How hard is the proof of $\pi$ or $e$ being transcendental?

This is an answer elaborating on my comment above, and largely addressing the edits to the original question:

I don't think there were any "old techniques" before Hermite proved transcendence of $e$ in the early 1870s. As far as I know, the only transcendental numbers known before then were Liouville's interesting but somewhat artificial examples from early that century.

The subject of transcendence, and the related subject of Diophantine approximation (i.e. approximating irrational numbers, especially irrational algebraic numbers, by rationals), is relatively new. Liouville proved the first results showing that it is not so easy to approximate an irrational algebraic number by rational ones, and used this to construct his transcendental numbers, which he could recognize as being transcendental because they are too well approximated by rational numbers. ("Too well" and "not so easy" here refer to the following problem: if you try to approximate $\alpha$ by the rational number $p/q$, can you get within a distance of $O(q^{-n})$ for some given $n$ as you let the denominator $q$ get arbitrarily large. (The larger $n$ is, the smaller $q^{-n}$ is, and so the better the rate of approximation.) Liouville showed, using the pigeon hole principal more-or-less, that if $\alpha$ is algebraic of degree $d$ then you can't do better than $n = d$.) But this left open the problem of showing that various given numbers (like $e$ and $\pi$) are transcendental.

If you like, here is one way to think of the problem: if you want to show that $\alpha$ is transcendental, then you want to show that $f(\alpha) \neq 0$ for any non-zero polynomial $f$ with rational coefficients. The difficulty is that there will be lots of polynomials with real coefficients that have $\alpha$ as a root, and any one of them can be approximated as closely as you like by an $f$ with rational coefficients, so we can find (lots of!) $f$ with rational coefficients such that $f(\alpha)$ is as close to zero as we like.

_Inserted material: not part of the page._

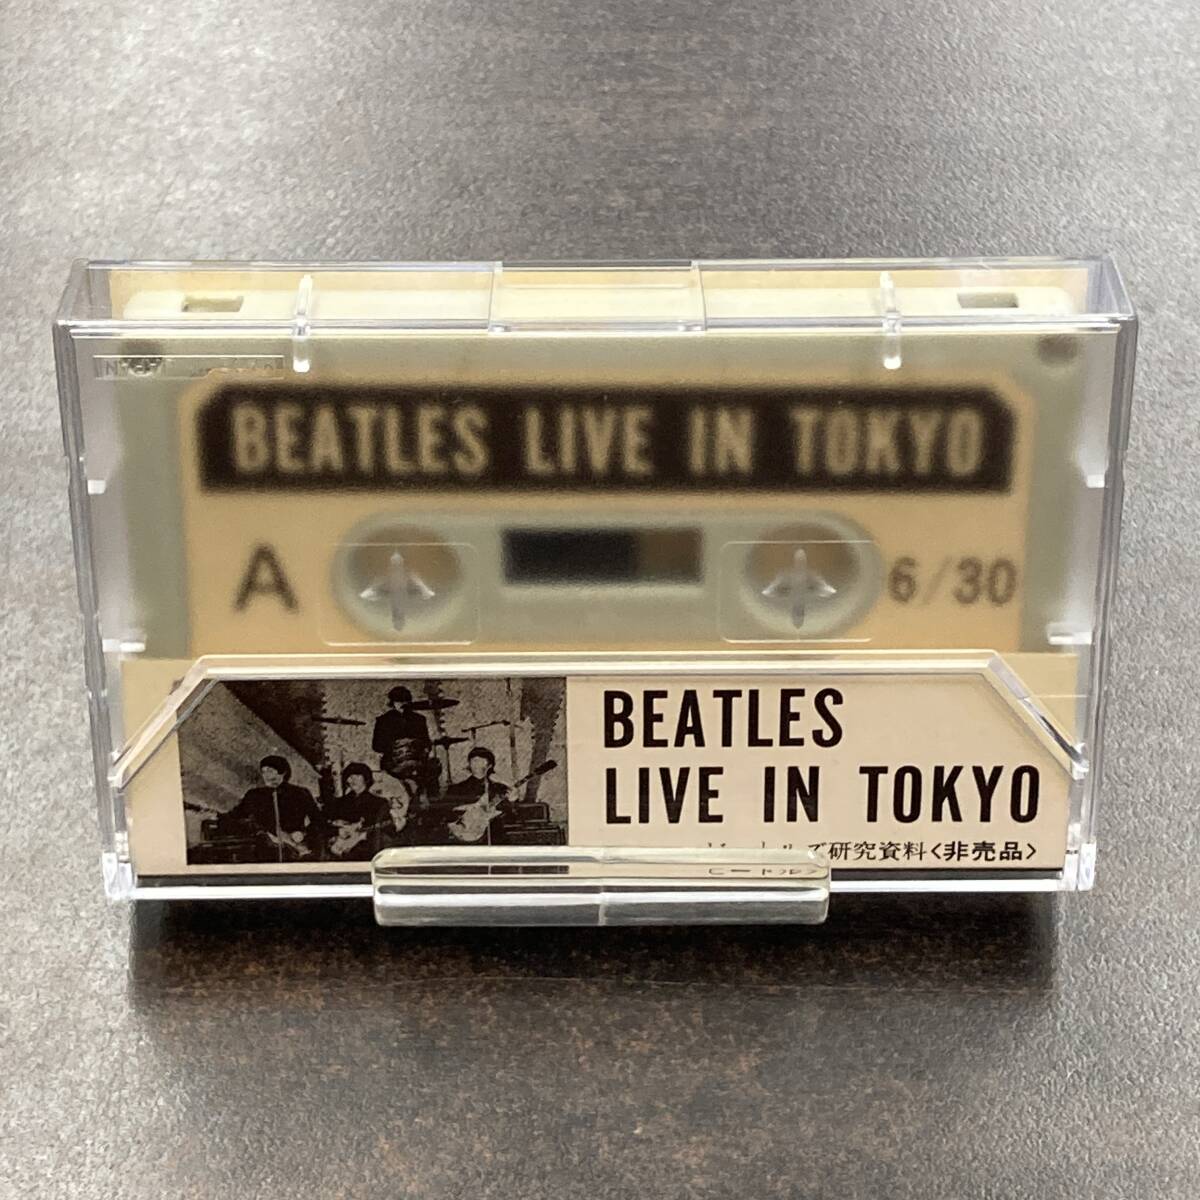 1209M ザ・ビートルズ 研究資料 BEATLES LIVE IN TOKYO カセットテープ / THE BEATLES Research materials Cassette Tapeの画像5

So you have to find some way to pin down the difference between $f(\alpha)$ being zero and $f(\alpha)$ being very close to zero. This is not so easy! (For example, computationally, you can't tell the difference between $0$ and any real number that is smaller than your computational accuracy can recognize.) And now one sees why Diophantine approximation ideas of the type mentioned above are relevant. They are related to quantifying how close we can make $f(\alpha)$ to zero while bounding the denominators of the rational numbers involved.

It is not coincidence that bounding the denominators is relevant: morally this is an attempt to pass from working over $\mathbb Q$ to working over $\mathbb Z$. Why do we want to do this? Well, as I already noted, it's pretty hard to tell the difference between $\mathbb Q$ and $\mathbb R$, since the former is dense in the latter, but we can tell the difference between $\mathbb Z$ and $\mathbb R$, since the former is discrete: a non-zero integer is some definite positive distance (i.e. at least 1) away from $0$.

The preceding remarks are somewhat philosophical, and they reflect my (limited) experience of thinking about these kinds of questions. If you look at the proofs in the link above, it may not be obvious that they are relevant, but I believe that they in fact do have some relevance: e.g. you will see that the arguments reduce to considering integer rather than rational polynomials, and that growth considerations play a key role. Another thing you will see is that certain auxiliary polynomials enter the proof, and a key fact about them is that they have a high order of vanishing at their zeroes. The appearance of auxiliary polynomials, often with a high order of vanishing, is ubiquitous in this theory.

One more (somewhat cultural) remark: Roth's theorem, for which he got the Fields medal, is the ultimate strengthening of Liouville's theorem: he shows that if $\alpha$ is irrational algebraic, then one can't do better than $O(q^{-2})$ in the problem of Diophantine approximation discussed above. The proof involves (among other things) constructions with auxiliary polynomials. So my impression is that Liouville, Hermite, and Lindemann (and there are probably other names that should be here) invented a new subject, namely Diophantine approximation and transcendence theory, whose modern methods are an outgrowth of the methods that they introduced.

P.S. Reading the first few pages of Baker's book Transcendental Number Theory (Google Books link) might help.

As mentioned above, it can be easily proven that e is transcendental. One can then combine it with $e^{iπ}+1=0$ (Euler's equation). Lindemann (I think) proved that if $e^x+1=0$, then $x$ has to be transcendental. And since $i$π is transcendental, ($i$ is obviously algebraic), π has to be transcendental, too. So, this way the proof seems rather easy, but there are much more complicated ways to prove it (as far as I know), which I will leave for others to elaborate on.